Нина Катерли Солнце за стеклом


Наверняка имеются в специальных конторах и учреждениях соответствующие бумаги и списки с цифрами, но разве может быть точной хоть одна цифра, когда дело касается такого смутного и непрочного предмета как старухи?

Старуха — существо зыбкое, С утра она еще здесь, мерзнет в темноте среди терпеливой очереди к зеленному ларьку или же, командированная по неотложному делу детьми и внуками, продирается сквозь набитый до хруста автобус, дружно всеми ненавидимая — ясно, почему… А потом озабоченно снует по городу с кошелкой запредельного веса. Вон, любуйтесь: собралась перейти улицу, топчется у перекрестка и, не дождавшись зеленого света, вдруг устремляется на мостовую, опасливо выставив руки со скрюченными пальцами. И мечется среди машин, приводя шоферов в законную ярость.

Это — с утра. А к вечеру, глядишь, ее уже и нет нигде, и след на глазах остывает, затаптывается прохожими. Всё. Тут бы и исправить сразу ставшую неверной цифру в списке, но погодите! На том самом месте, с которого только что навсегда исчезла знакомая наша старуха, уже вырисовывается новая. Возникает из женщины, утром еще будто и не старой, бойкой, с разными там надеждами. Она и сама еще не поняла, что случилось, а уж из подведенных глаз, из-под накрашенных ресниц выглянула и спряталась, выглянула… и осталась повадливая, хитрющая старуха.

Рядком у дощатого забора, обклеенного бумажками объявлений, они и стоят. Впереди теснится тротуар, дальше громыхает проезжая часть, на другой стороне улицы девятиэтажный новый дом, а перед ним — широкий, засыпанный снегом газон, где сейчас по колено в сугробе возится тети Олин Павлик.

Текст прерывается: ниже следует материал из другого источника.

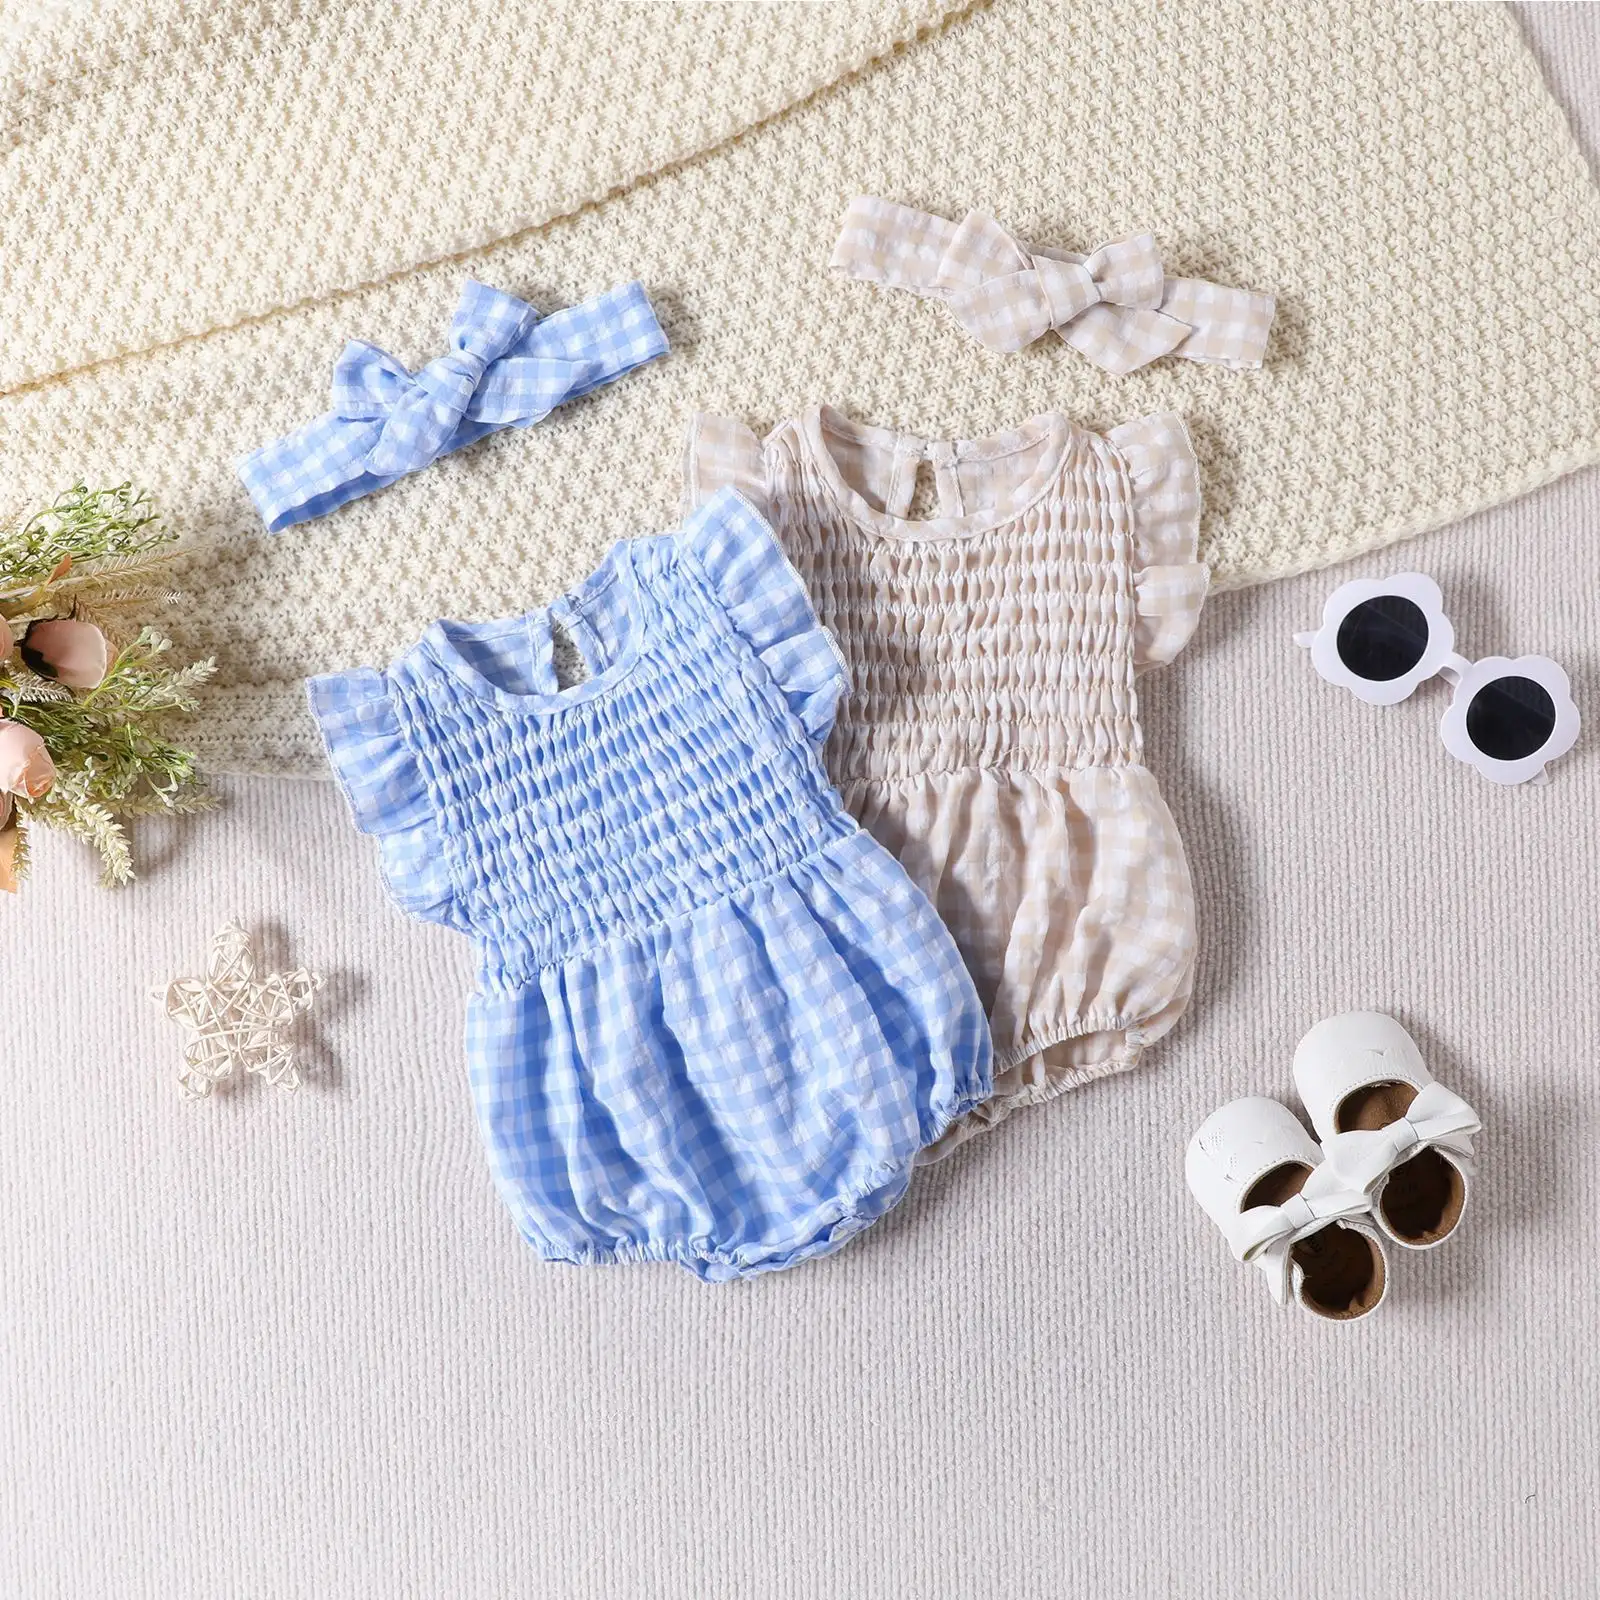 Nuovo arrivo morbido plaid bambino pagliaccetto di cotone 0-18 mesi vestiti della neonata

— Выди, говорю! Выди со снегу, стрикулист! Ноги перемочишь! Ой, гляди. Выжгу, ой, стебану! — надсаживается тетя Оля, но тонкий, визгливый крик ее не достает до Павлика, намертво вязнет посередине мостовой между машинами.

Тетя Оля худая и маленькая, скособоченная и до невозможности курносая. Елизавета Григорьевна как-то объясняла, будто тетя Оля похожа на знаменитого царя Павла Первого, но никто, конечно, внимания на эти ее ученые слова не обратил, а может, и не расслышали. А может, наплевать…

Одета тетя Оля в потертое черное пальтишко, в валенки с галошами, голова обмотана сиреневым, как рожа алкоголика, платком.

— Ой, паразит, гли, что делаеть! Ну погоди, доберусь!

Кричит тетя Оля, потому что так надо, так полагается. И тут же, повернувшись к стоящей в шаге от нее толстой, дряблой женщине, продолжает крик:

— Сахару купила, меришели купила, сарделек свиневьих полкила — во как! И деньги вси! Вси, как есть! Слышь, нет, Павловна? Сахару, говорю…

Вера Павловна нетерпеливо встряхивает грузным лицом. Она, если вглядеться, совсем и не старая — от силы шестьдесят, ну, шестьдесят два. Еще кокетничает: на губах помада, волосы кудряшками падают на лоб из-под меховой шапки. Шапка, конечно же, не новая, и мех, само собой, искусственный, синего цвета. Вера Павловна переступает тучными ногами в белых сапогах, куда кое-как заправлены рейтузы, — ждет, чтобы всунуться со своим. Не дождавшись, перебивает:

— Это сколько же неприятностей, вся разнервничалась, мой-то придурок опять: «Будем разводиться!», ушел, денег ни копейки не оставил, сам выкаблучивает: ты, говорит, неряха, раковину плохо моешь! Ну просто не телефонный разговор! Это ему соседка напела, нахал такой, придурок…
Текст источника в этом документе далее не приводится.